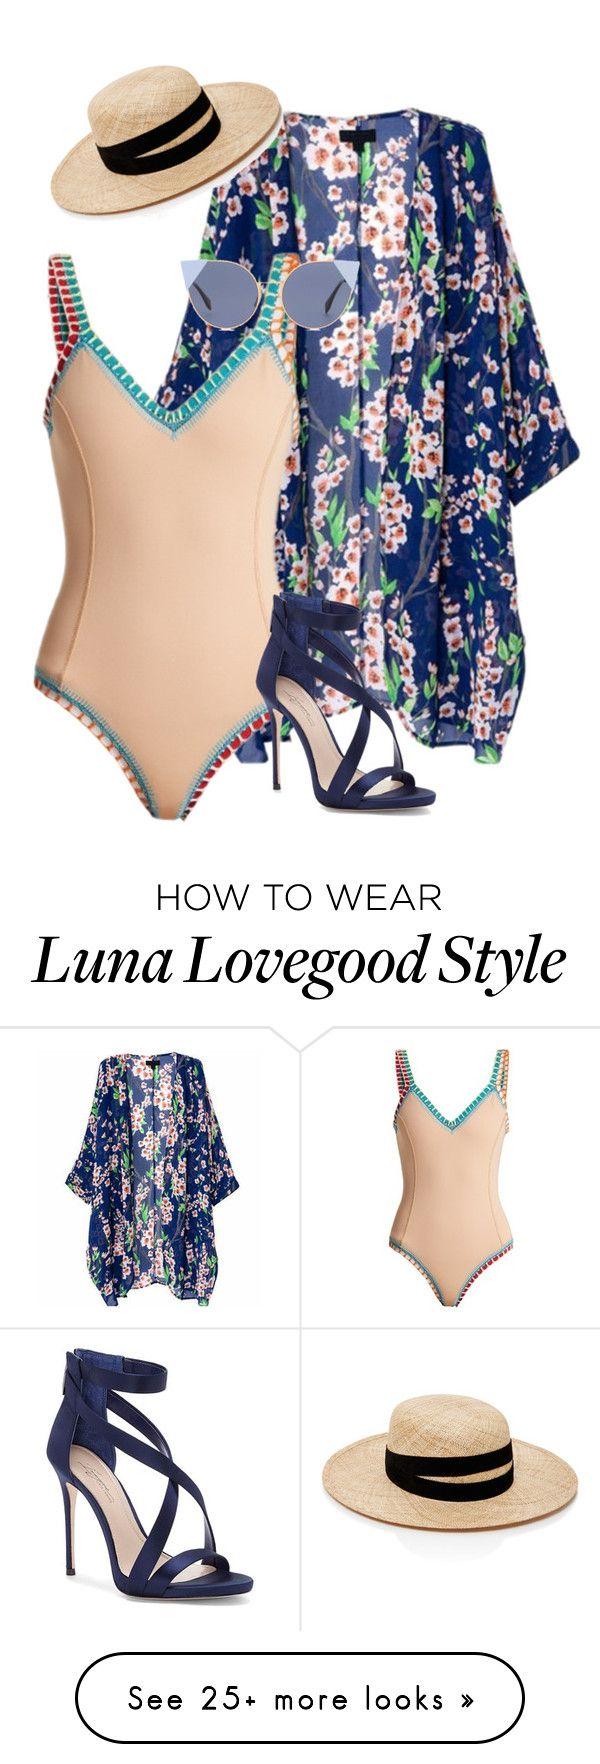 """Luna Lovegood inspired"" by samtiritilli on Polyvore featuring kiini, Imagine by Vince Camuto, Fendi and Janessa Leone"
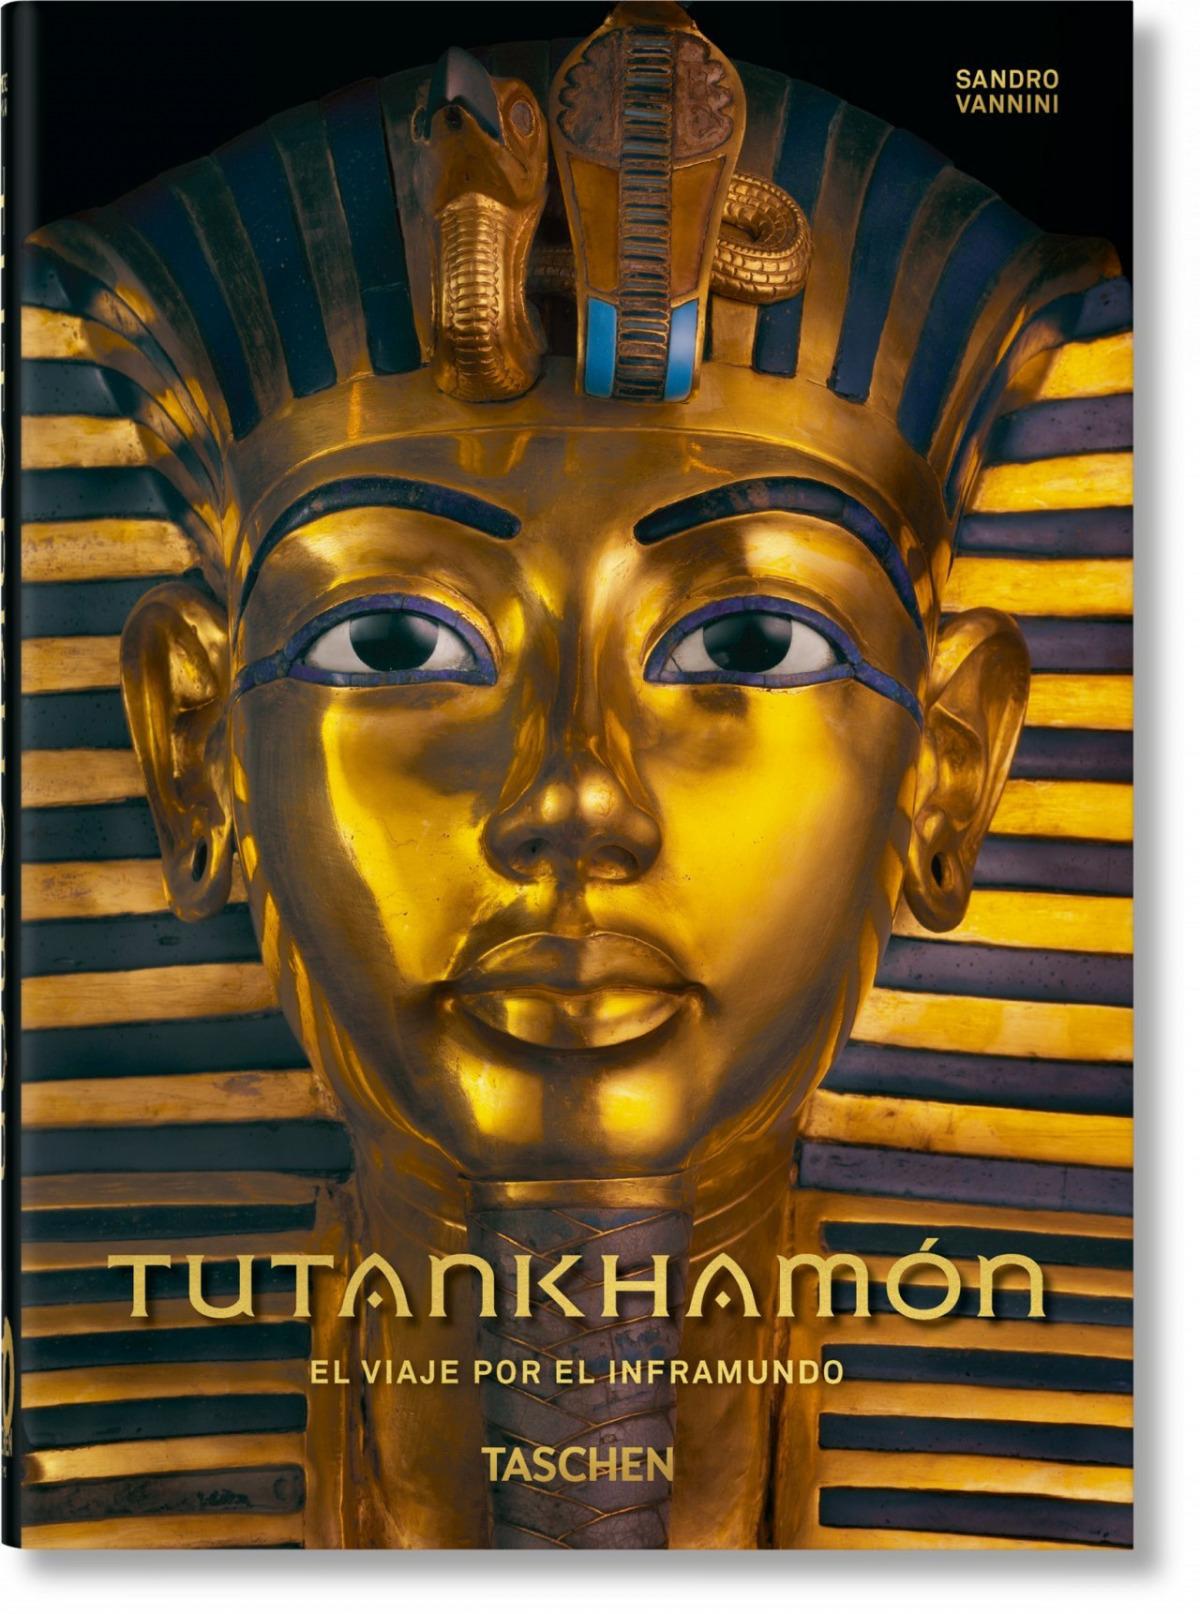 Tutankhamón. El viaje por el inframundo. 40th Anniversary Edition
...
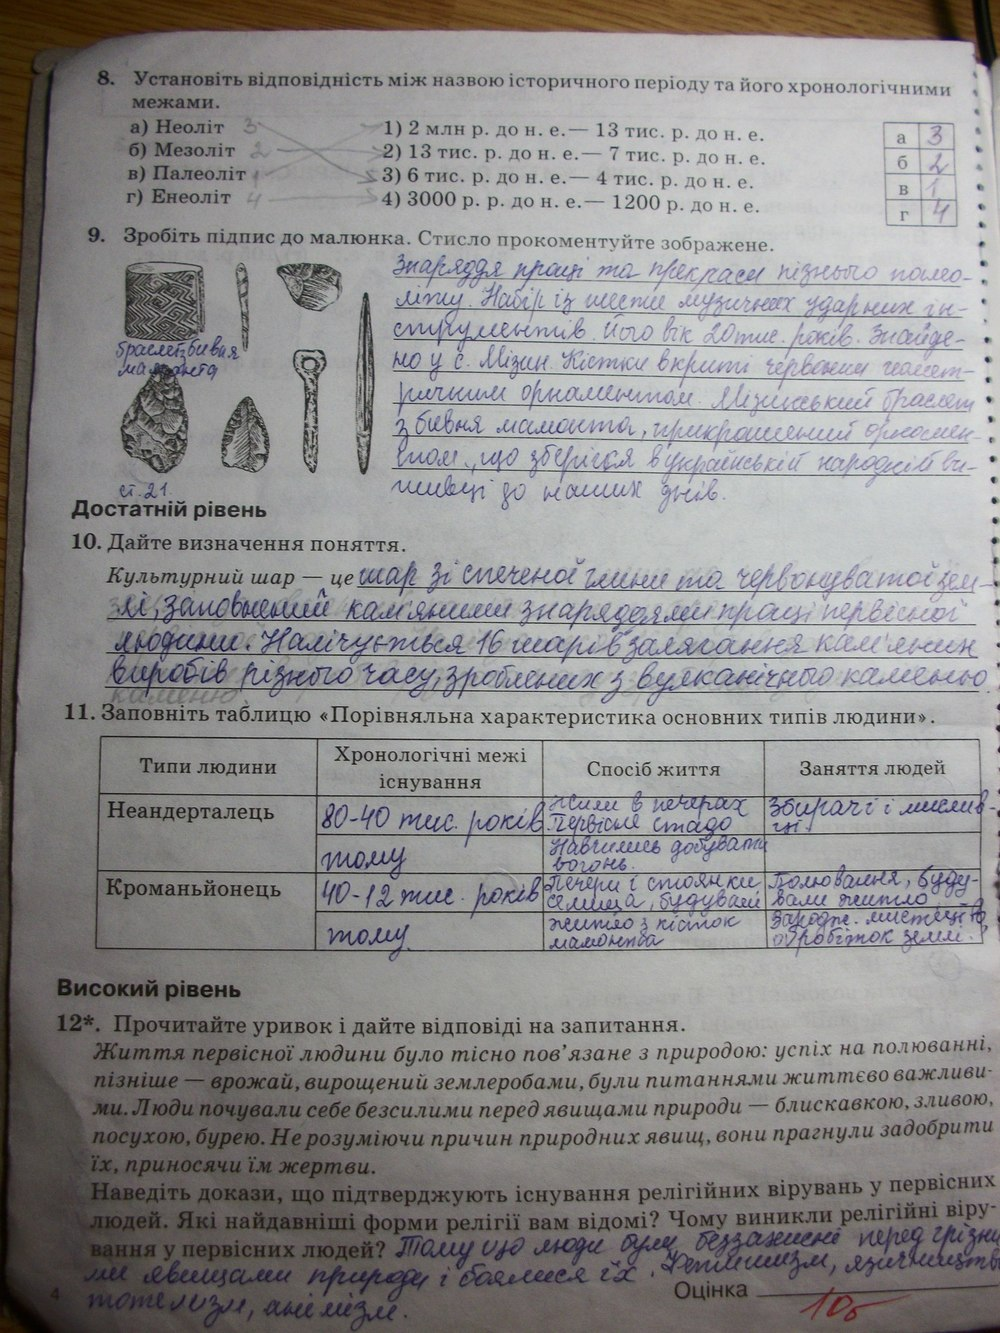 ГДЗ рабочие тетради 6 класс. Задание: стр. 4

▸ **Problem details**: Your answer should be the exact lines above from the one containing "by samtiritilli on" through the one containing "Tutankhamón. El viaje", with both end lines kept and the pictures removed, please.

▸ **Written answer**:
 """Luna Lovegood inspired"" by samtiritilli on Polyvore featuring kiini, Imagine by Vince Camuto, Fendi and Janessa Leone"
 Tutankhamón. El viaje por el inframundo. 40th Anniversary Edition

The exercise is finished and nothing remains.